Interstitial-Boron Solution Strengthened WB$_{3+x}$

TL;DR

This study combines computational and experimental methods to analyze the structure and hardness of WB$_{3+x}$, revealing the role of interstitial boron in strengthening the material and clarifying previous conflicting findings.

Contribution

It provides new insights into the composition, structure, and hardness of WB$_{3+x}$, demonstrating the presence of non-stoichiometric phases and the strengthening mechanism of interstitial boron.

Findings

Confirmation of WB$_3$ and WB$_{3+x}$'s structure and composition.

Absence of WB$_4$ phases in the studied samples.

Interstitial boron atoms form a covalent network that enhances hardness.

Abstract

By means of variable-composition evolutionary algorithm coupled with density functional theory and in combination with aberration-corrected high-resolution transmission electron microscopy experiments, we have studied and characterized the composition, structure and hardness properties of WB$_{3+x}$ ($x$ $<$ 0.5). We provide robust evidence for the occurrence of stoichiometric WB$_3$ and non-stoichiometric WB$_{3+x}$ both crystallizing in the metastable $hP$16 ($P6_3/mmc$) structure. No signs for the formation of the highly debated WB$_4$ (both $hP$20 and $hP$10) phases were found.

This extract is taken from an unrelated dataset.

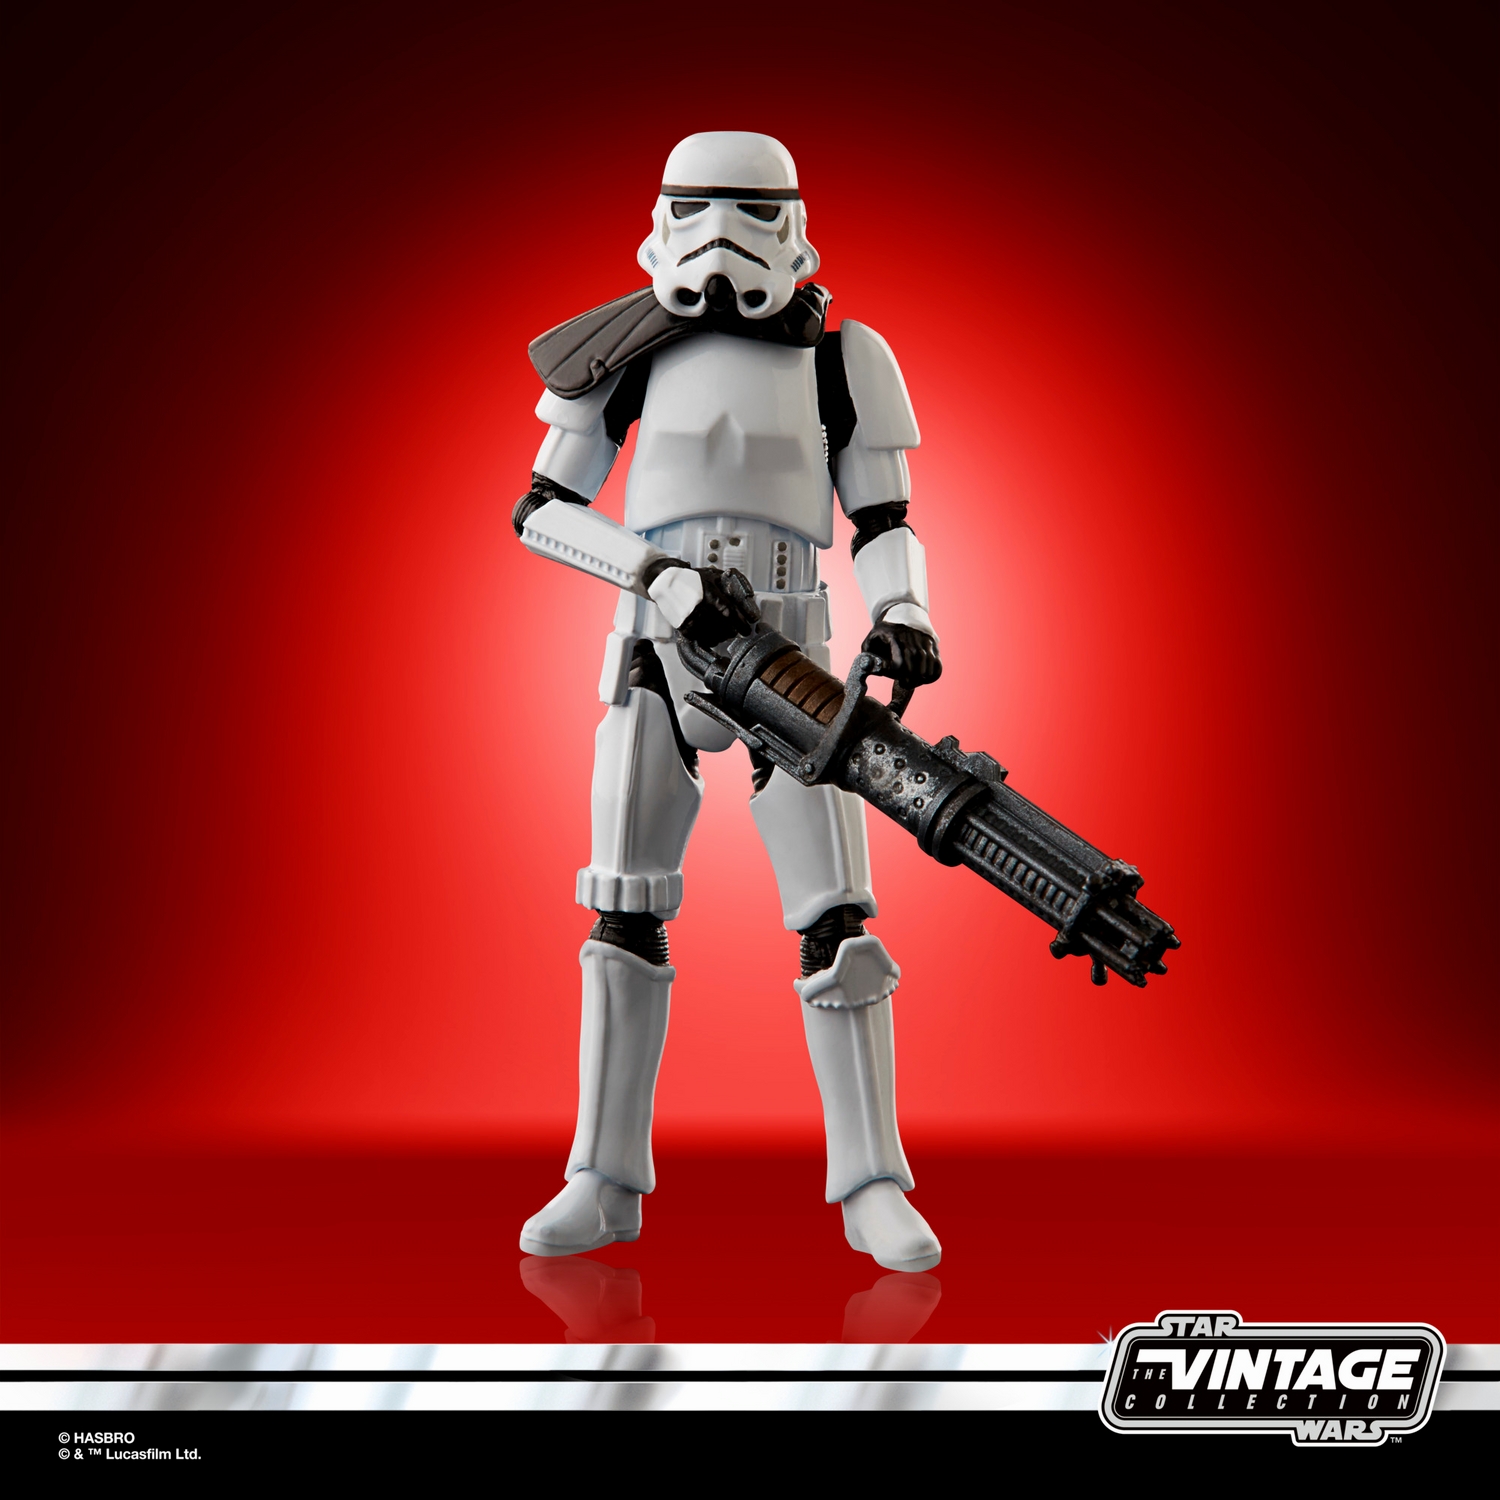 STAR WARS THE VINTAGE COLLECTION 3.75-INCH GAMING GREATS HEAVY ASSAULT STORMTROOPER FIGURE - 2.jpg

Our results rationalize the seemingly contradictory high-pressure experimental findings and suggest that the interstitial boron atom is located in the tungsten layer and vertically interconnect with four boron atoms, thus forming a typical three-center boron net with the upper and lower boron layers in a three-dimensional covalent network, which thereby strengthen the hardness.